Check each line of the listing for the word "применению" and give only the number of lines that have it.

• **Source information**
· · ·

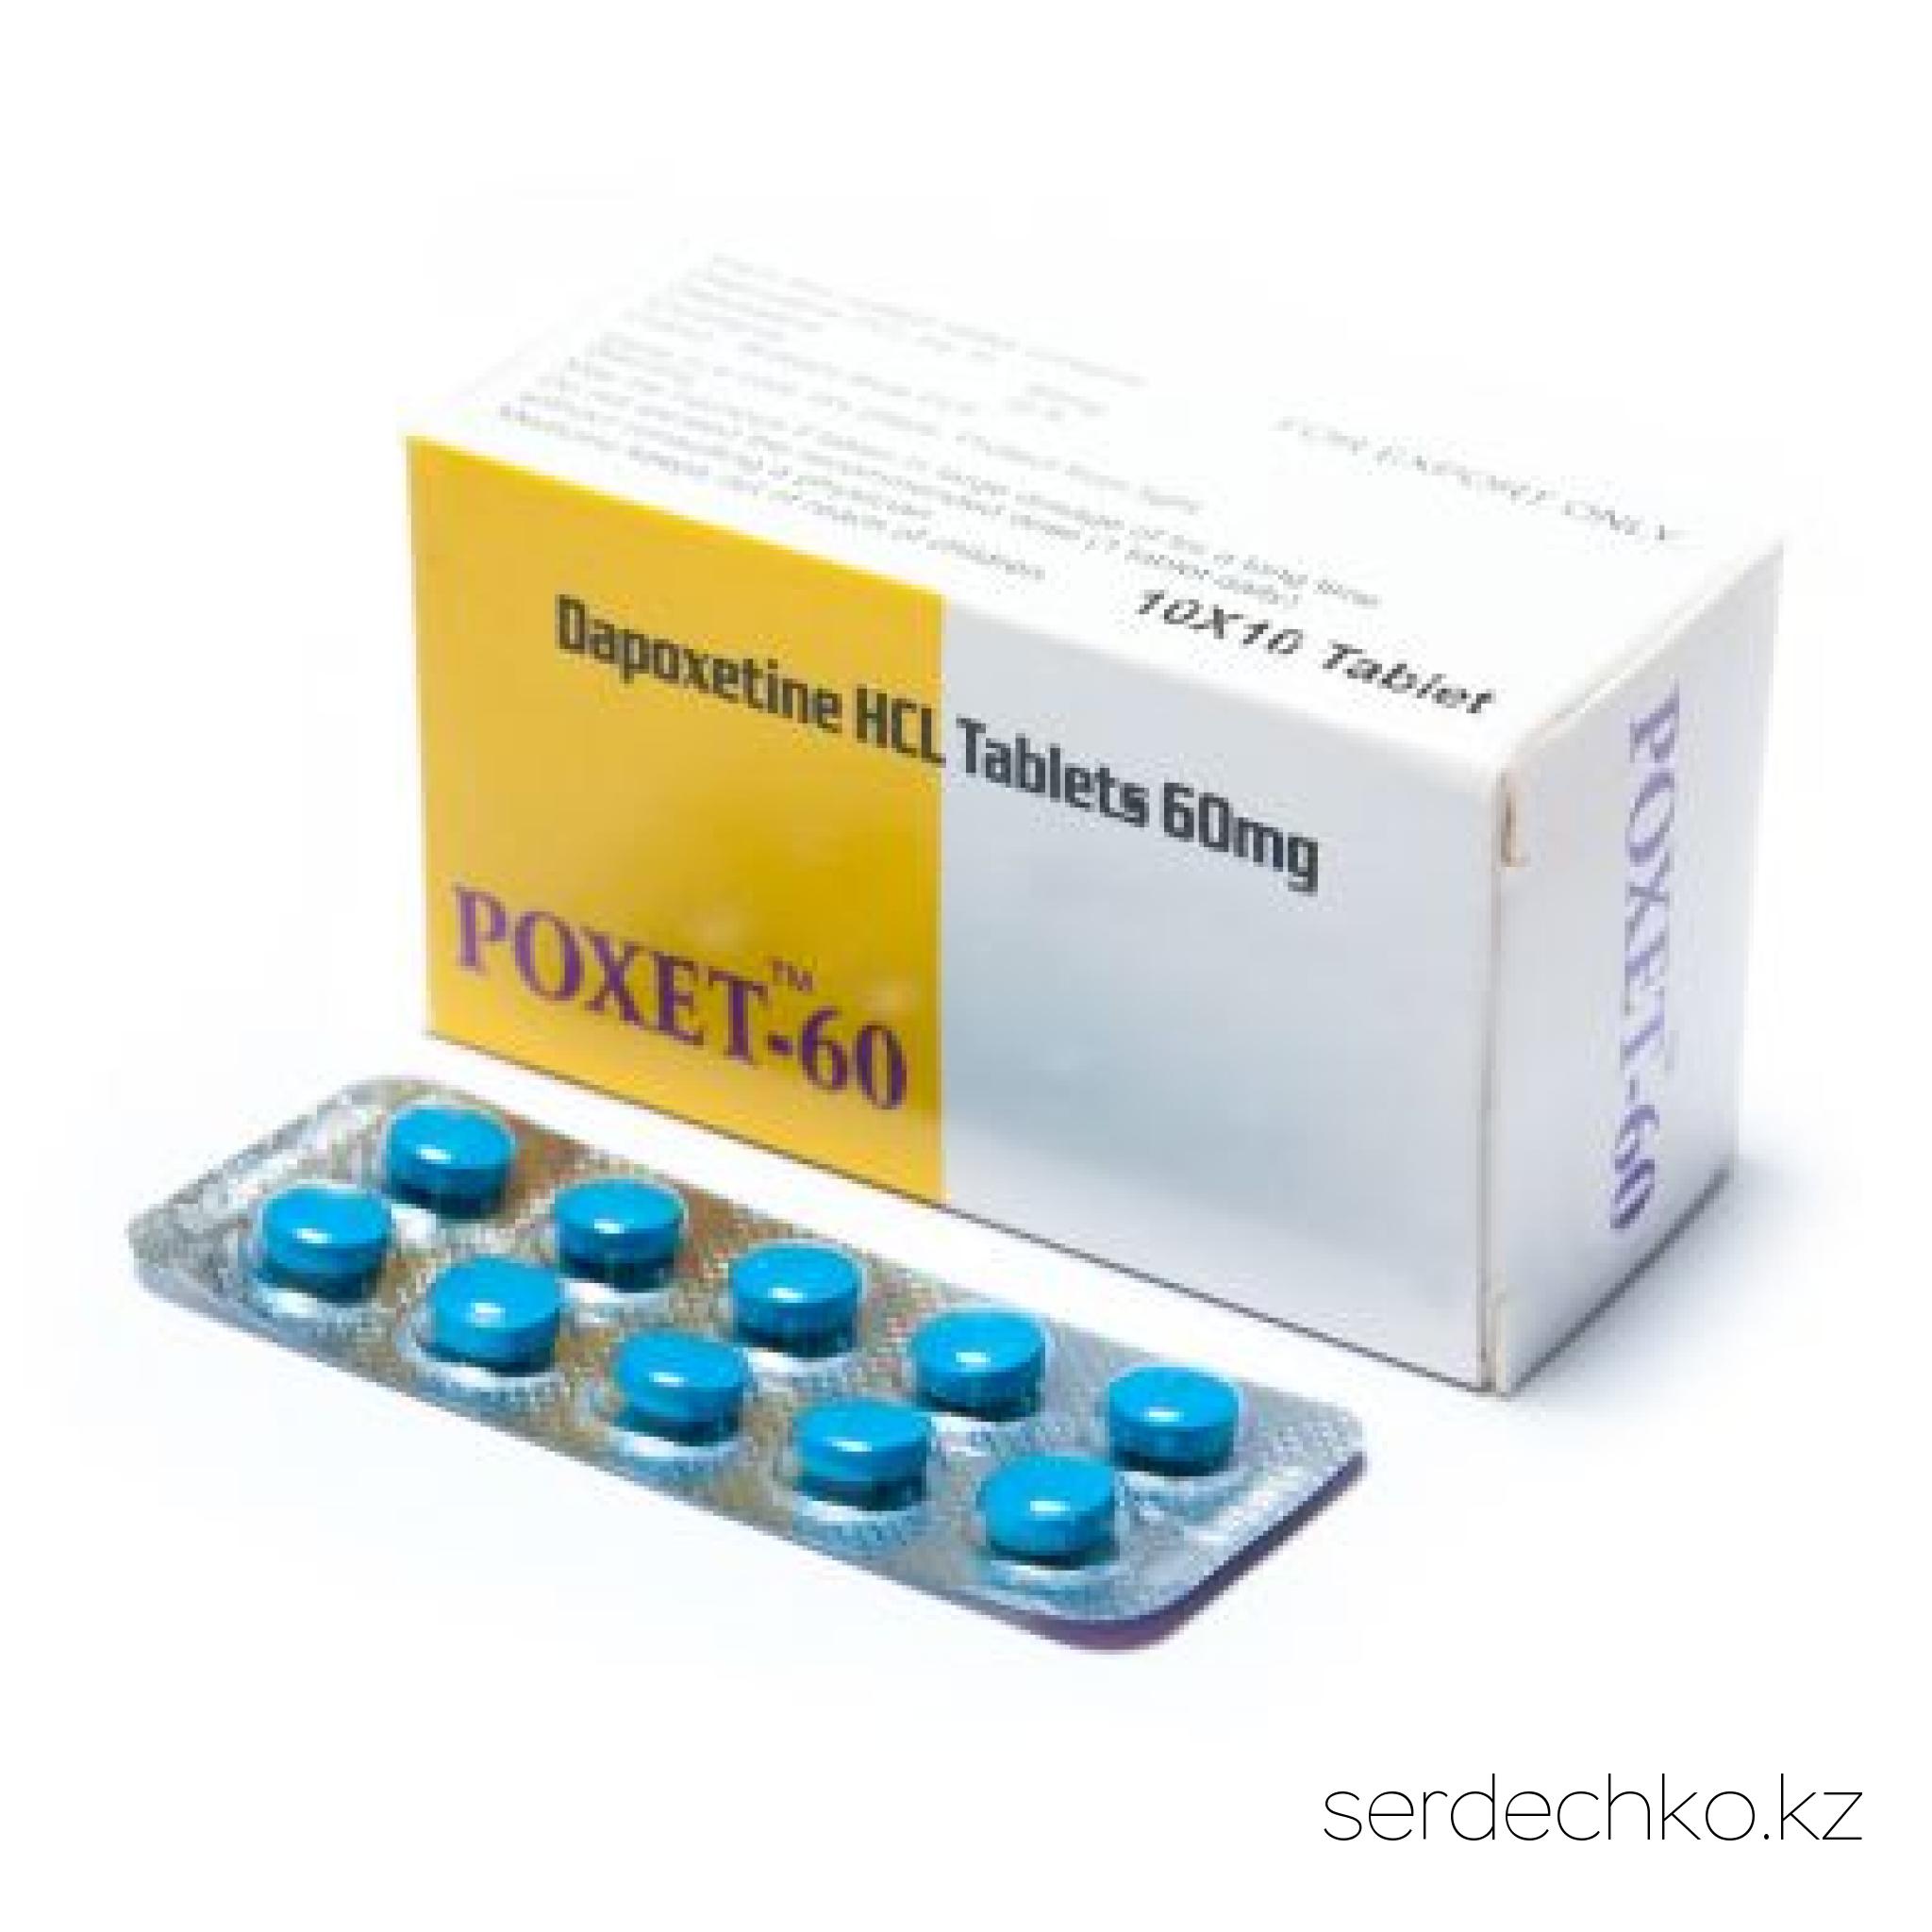 POXET 60 мг, 
	Дапоксетин 60 мг - описание препарата (дженерика)

	Дапоксетин 60 mg – назначается мужчинам со слабой потенцией, страдающим преждевременным семяизвержением. Относится к категории пролонгаторов эрекции, которые задерживают наступление оргазма.

	Главное действующее вещество Дапоксетина – dapoxetine. Вещество работает в мозгу, блокируя выработку серотонина, что уменьшает чувствительность нервных окончаний в области промежности. Это и способствует задержке эякуляции.

	Краткое описание препарата

	
		выпускается в виде таблеток для приема внутрь;
	
		в состав препарата входит дапоксетин – ингибитор серотонина (гормона счастья);
	
		работает уже после первого применения;
	
		эффект заметен через полчаса-час после применения и сохраняется 4-5 часов;
	
		повышает мужскую потенцию, эффективно борясь с эректильной дисфункцией;
	
		совместим с любыми стимуляторами потенции (Виагрой, Сиалисом, Левитрой);
	
		Дапоксетин 60 мг – индийский дженерик, качественный аналог оригинала с идентичным составом, дозировкой и формой выпуска.


	С Дапоксетином 60 мг длительный и качественный половой акт – реальность в любом возрасте!

	Инструкция по применению POXET 60 mg

	Стандартная дозировка: 60 мг dapoxetine в сутки, что эквивалентно 1 таб Дапоксетина 60 мг. Указанная доза может меняться в индивидуальном порядке на усмотрение врача. Оптимальную дозировку подберет только узкопрофильный специалист, учитывая возраст и состояние здоровья пациента, а также степень развития импотенции.

	Как принимать: 1 шт Дапоксетина нужно принять внутрь непосредственно перед половым контактом, запивая обычной негазированной водой.

	Время приема: лекарство пьют за час или два до интимной близости.

	Период выведения: вещество dapoxetine выводится из организма кишечником и почками. Общее время выведения составляет 4-5 часов.

	Перед использованием таблеток необходимо ознакомиться с инструкцией к применению и проконсультироваться с врачом.

	Когда начинается действие

	Дапоксетин 60 мг – эффективный препарат со стабильным эффектом. Действие препарата наступает через час после орального применения и сохраняется 6 часов. За это время мужчина может иметь много успешных продолжительных половых актов. Пик действия препарата происходит через 3 часа после использования. Реакция на прием дапоксетина возможна только при наличии хорошей природной (естественной) сексуальной стимуляции.

	 

· · ·

• **Response to this task**
2